Access cutting-edge hypereosinophilic syndrome treatment through this clinical trial at a research site in Charleston. Study-provided care at no cost to qualified participants.

Expert Care in Charleston

Access hypereosinophilic syndrome specialists at no cost

IRB Approved

This study follows strict safety protocols and ethical guidelines

No-Cost Care

All study-related hypereosinophilic syndrome treatment provided free

Apply for This Charleston Location

Check if you qualify for this hypereosinophilic syndrome clinical trial in Charleston, SC

Why Participate?

No-Cost Study Care
Local to Charleston
Convenient for SC residents
Cutting-Edge Treatment
Access to innovative therapies
Expert Medical Care
Close monitoring by specialists
Possible Compensation*
For time and travel

*Compensation varies by study. Confirm details with coordinator.

Simple Process

1Submit this form
2Phone screening
3Visit Charleston site if eligible
4Begin participation

About This Hypereosinophilic Syndrome Study in Charleston

This is a 52-week, randomized, placebo-controlled, double-blind, parallel group, multicenter study of depemokimab in adults with uncontrolled HES receiving standard of care (SoC) therapy. The study will recruit patients with a confirmed diagnosis of HES and who are on stable HES therapy for at least 4 weeks prior to randomization (Visit 2). Eligible participants must have uncontrolled HES with a history of repeated flare (≥2 flares in the previous 12 months) and blood eosinophil count of ≥1,000

Sponsor: GlaxoSmithKline

Who Can Participate

Inclusion Criteria

Participants who are greater than or equal (\>=) 40 kilogram (kg) at Screening Visit 1.
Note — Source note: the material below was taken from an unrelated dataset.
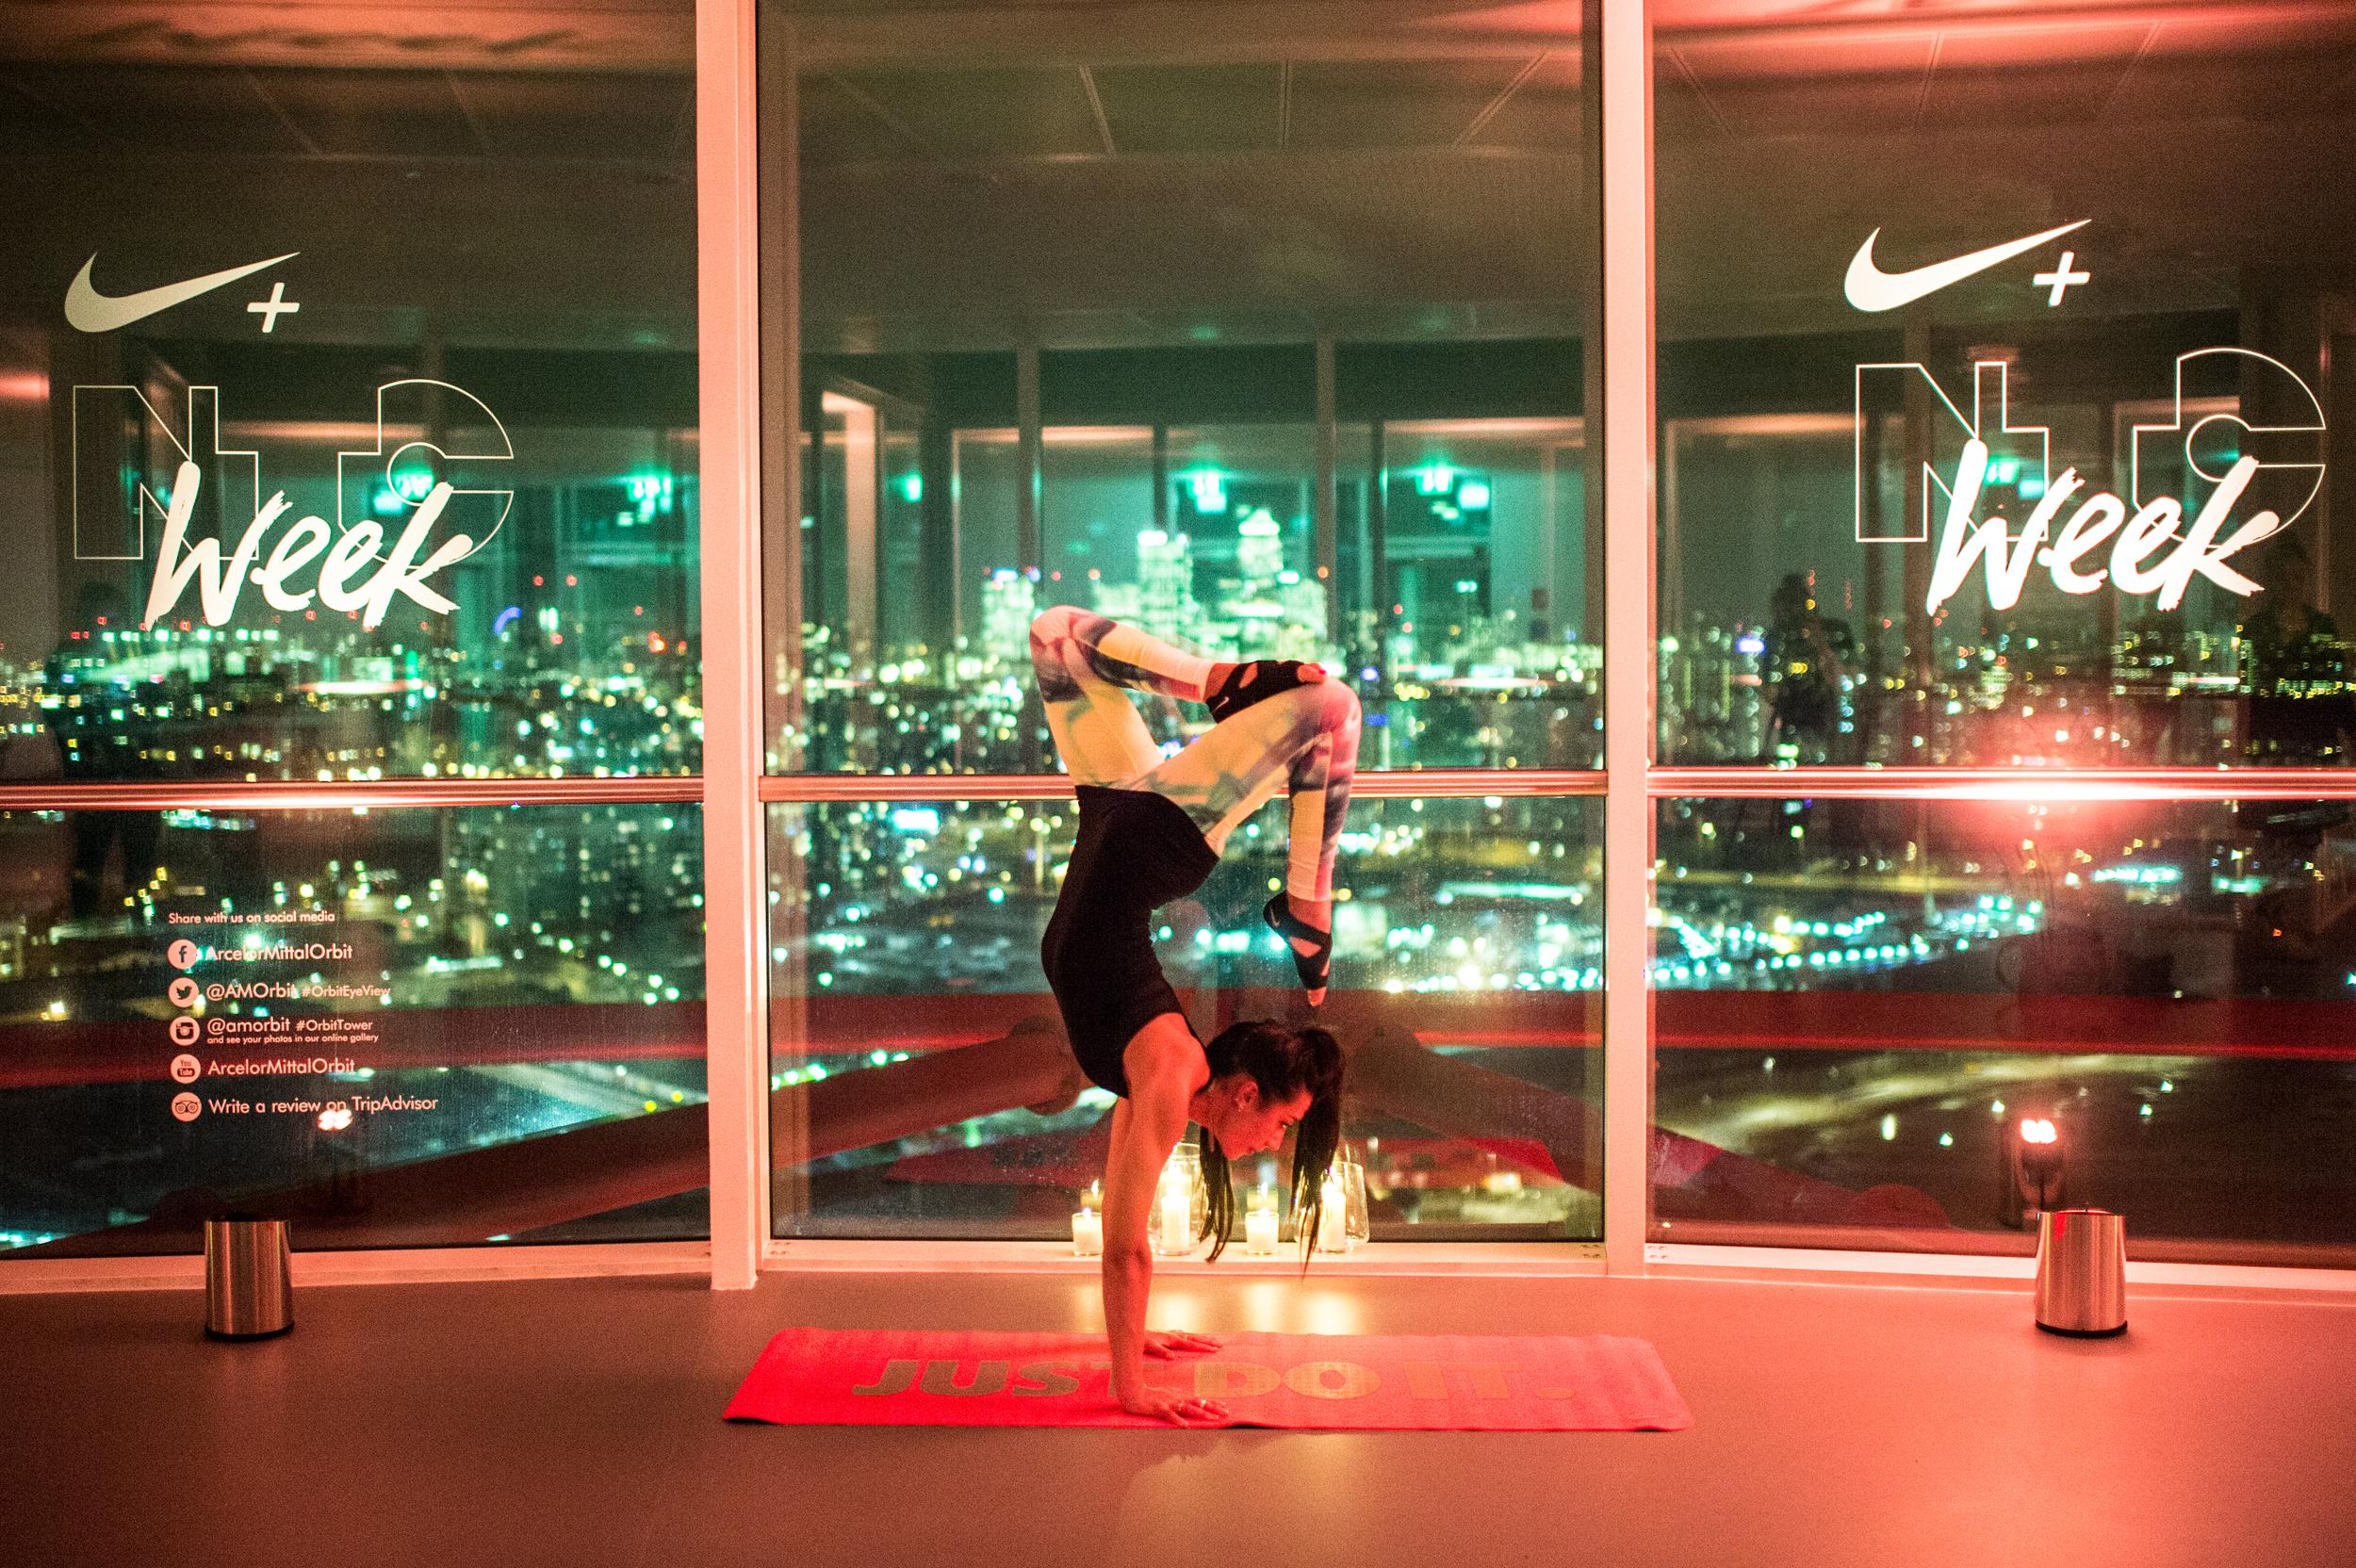 Jessica Skye Yoga Nike Training Club Week The Orbit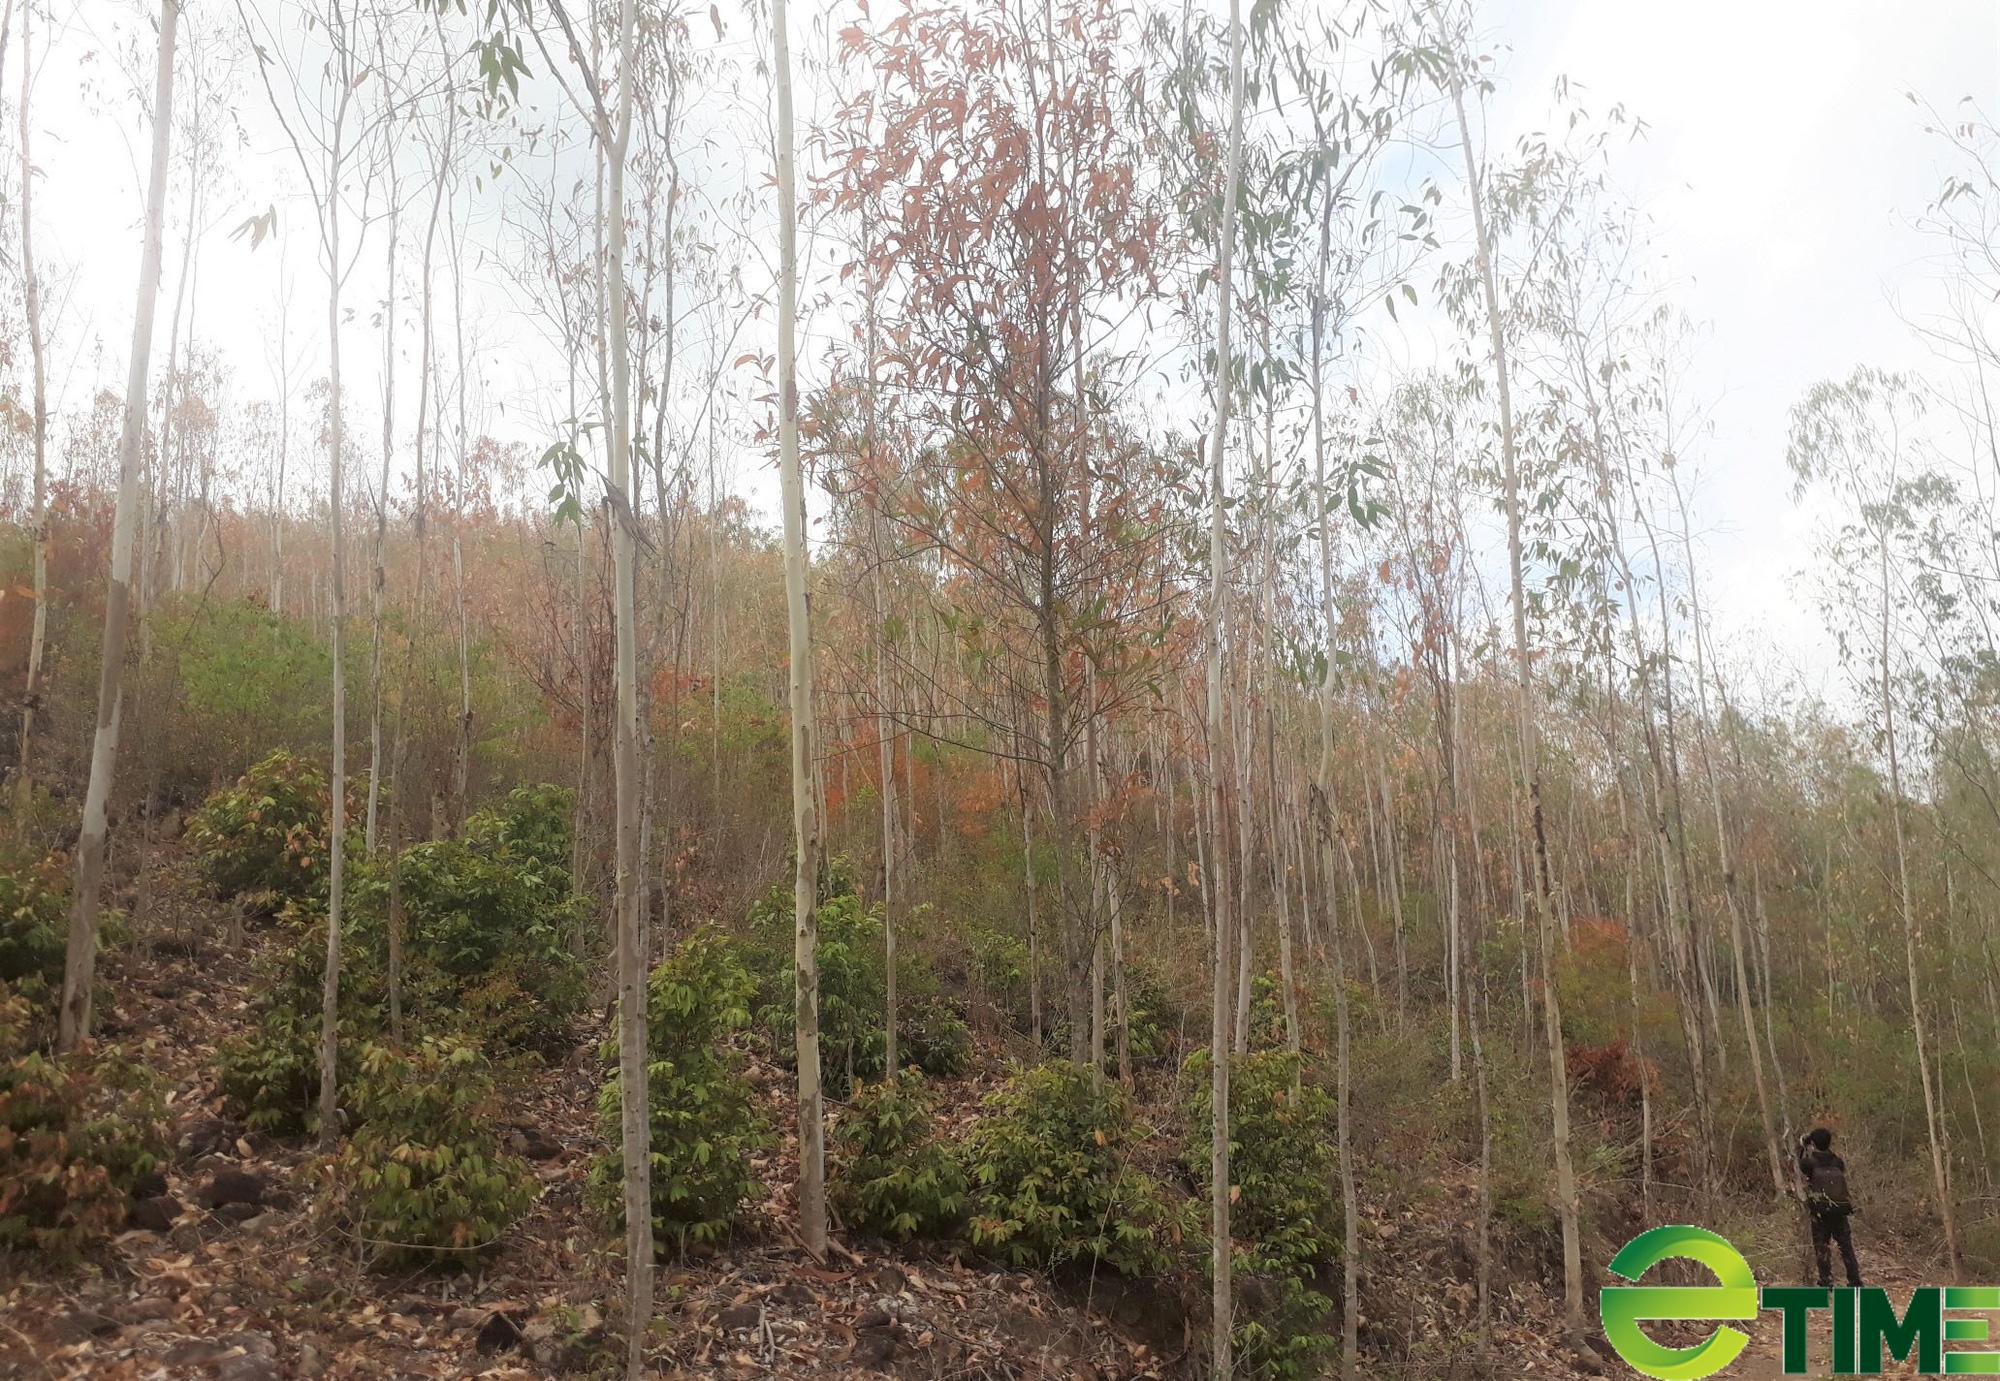 Rừng đang xanh tốt bất ngờ chết khô thành củi do nắng nóng, người trồng lâm cảnh trắng tay - Ảnh 2.

Participants who have a documented diagnosis of HES prior to Visit 2.

A history of 2 or more HES flares within the past 12 months prior to Visit 1.

A female participant is eligible to participate if she is not pregnant or breastfeeding, and one of the following conditions applies: a) woman of non-childbearing potential (WONCBP) Or b) woman of childbearing potential (WOCBP) and using a contraceptive method that is highly effective, with a failure rate of less than (\<) 1 percentage (%).

Capable of giving signed informed consent.

Exclusion Criteria

Participants with HES disease manifestations which in the opinion of the investigator may put the participant at unacceptable risk from study participation or confound interpretation of efficacy or safety data.

Participants with chronic or ongoing active infections requiring systemic treatment or a pre-existing parasiti

Not sure if you qualify? Submit your interest and a study coordinator will help determine your eligibility.

Frequently Asked Questions

Q:Is this study available in Charleston?

Yes, this clinical trial (NCT05334368) has an active research site in Charleston, SC that is currently enrolling participants.

Q:Is it safe to participate?

Clinical trials follow strict safety guidelines and ethical standards. This study has been reviewed and approved, and participants are closely monitored by medical professionals. You can withdraw at any time.

Q:Will I be compensated?

Many clinical trials offer compensation for your time and travel expenses. Specific compensation details will be discussed during the screening process. All study-related medical care is provided at no cost.

Q:Can I leave the trial if I change my mind?

Absolutely. Participation is completely voluntary. You have the right to withdraw from the study at any time, for any reason, without penalty.

Still have questions? Our study coordinators are here to help.

Hypereosinophilic Syndrome Treatment Options in Charleston, SC

If you're searching for hypereosinophilic syndrome treatment options in Charleston, SC, this clinical trial (NCT05334368) may be an excellent opportunity. Clinical trials provide access to cutting-edge treatments that aren't yet available to the general public, often at no cost to participants.

Our Charleston research site is actively enrolling participants for this clinical trial. You'll receive care from experienced hypereosinophilic syndrome specialists who are at the forefront of medical research. All study-related care, including examinations, treatments, and monitoring, is provided at no cost to qualified participants.

Looking for more options? Browse all hypereosinophilic syndrome clinical trials near you to find additional studies recruiting in your area.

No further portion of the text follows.